A review by jennyshank
The Financial Lives of the Poets by Jess Walter

4.0

http://www.newwest.net/topic/article/laughing_on_the_way_to_bankruptcy_jess_walters_financial_lives_of_the_poets/C39/L39/

Laughing on the Way to Bankruptcy: Jess Walter’s “Financial Lives of the Poets”
A laid-off newspaper reporter turns to dealing pot in Jess Walter's new novel.

By Jenny Shank, 10-05-09

The Financial Lives of the Poets
by Jess Walter
Harper, 290 pages, $25.99

In his hilarious and timely new novel, Spokane’s Jess Walter explores the maxim that there’s nothing more dangerous than an unemployed man, even though the primary person in danger may be the man himself, as is the case with protagonist Matt Prior. Several years before The Financial Lives of the Poets begins, Matt was a business reporter for a daily newspaper and he decided to pursue his ill-conceived dream: starting a website that reports business news in poetry form. When Poetfolio.com tanked before it was even launched, something that everyone but Matt could see coming, Matt scurried back to his newspaper job. But because he’d left, he lost his seniority at the paper, and was one of the first to be laid off when the paper downsized.

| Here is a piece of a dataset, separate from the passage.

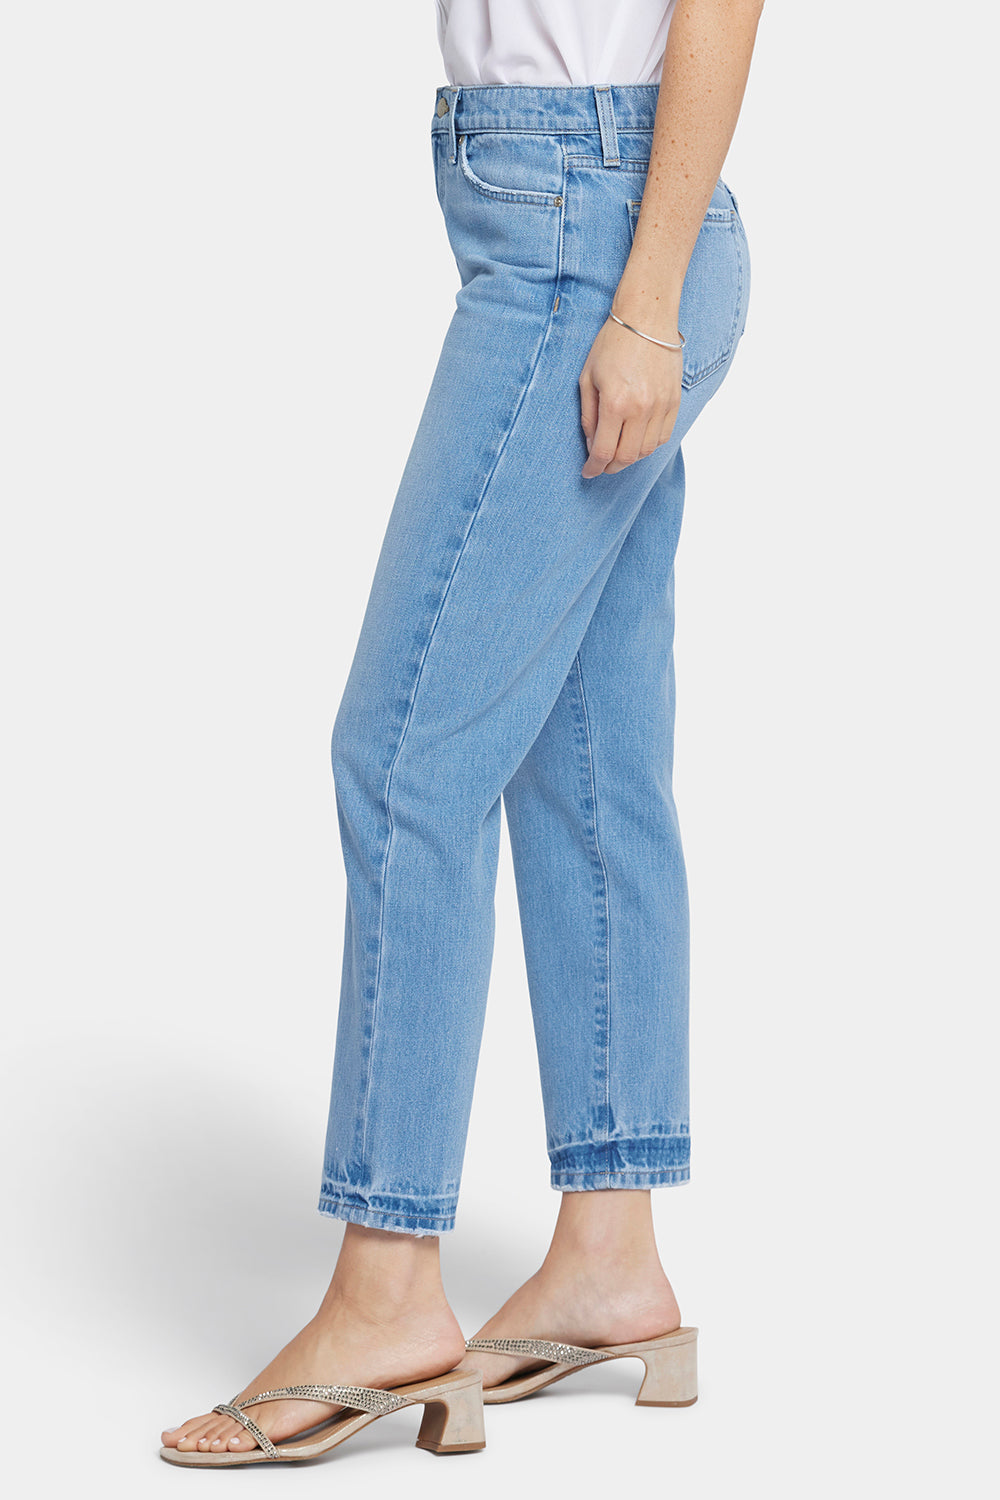 NYDJ Charlotte Relaxed Jeans レディース 65%OFF【送料無料

Matt couldn’t afford to lose his job: he’s got an enormous mortgage on a big house, a car payment, a garage full of supposedly collectible crap that his wife purchased in a compulsive shopping binge on eBay, and two non-Catholic young sons who attend Catholic school because the neighborhood public school reminds Matt of Sing-Sing. One evening when Matt has just received a letter from the mortgage company threatening foreclosure in a week, he is becoming increasingly suspicious of his wife’s Facebook conversations with her old high school boyfriend, and his unemployment benefits are about to run out, Matt heads to a 7-Eleven to buy some milk. “Two tattooed white kids in silk sweat suits step to the line behind me and I tense a little, double-pat my wallet,” Walter writes. As Matt walks outside, one of the guys offers him “a hit on a glass blunt.”

Matt refuses at first, but because his resistance is worn down, he agrees when the young men, Skeet and Jamie, ask for a ride to a party. Awash in nostalgia for his college days, Matt eventually samples the weed, which is considerably more potent than what he remembers. Jamie explains its origins in this way: “In this lab in British Columbia? This Nobel Prize dude? He Frankensteined that shit? It’s knock-off, but shit’s still pretty good. They can do whatever they want to it, you know? Make it do a thousand different things to your mind, yo.”

After a long night in the stoners’ company, Matt visits his financial planner who tells him, “unless you’re about to inherit some money, what we’re talking about here is irreversible, fatal. You have fiscal Ebola, Matt.” Matt comes up with the solution to all his problems: he drains his depleted bank account sets himself up as a pot dealer to stressed-out professionals like himself. As the reader guesses, things go downhill from there. Part of the fun of The Financial Lives of the Poets is seeing just how big of a mess Walter can embroil Matt in, and finding out how he’ll get out of it.

Walter’s last novel, 2006’s The Zero, based on his experience ghostwriting a memoir for New York City Police Commissioner Bernard Kerik in the days immediately following the 9-11 attack, was a finalist for the National Book Award. The Financial Lives of the Poets is equally satisfying, but in a different way. Filled with hilarious dialogue and situations, Matt’s loopy internal monologues, and lots of poetry that is pretty bad (as Matt readily admits), The Financial Lives of the Poets sometimes seems like it might spin off into nothing more than a comic farce. But then Walter grounds the story with moments of genuine feeling, such as his portrayal of Matt’s relationship with his live-in senile father, his touching descriptions of the children, or Matt’s desperate love for his straying wife. One of Matt’s stronger poems, “Dry Falls,” describes the place where his dad lived in rural Oregon before his dementia set in. It begins:

Dad’s land is scabbed and pocked
river channels that forgot not to die
couleed ditches and hard veined cracks
of channeled dust in his razored cheeks.

Walter’s portrait of a dying newspaper and the shell-shocked demeanor of the journalists still hanging on there is funny, bitter, and accurate, speaking from the perspective of someone who had a decent view of the demise of the Rocky Mountain News. The Financial Lives of the Poets paints a picture of the farcical existence many Americans had been living, using credit to spend cash like it was Monopoly money. And although this message could come off as a repetitive lecture in another writer’s hands, reading it through Jess Walter’s buoyant voice is a fresh pleasure.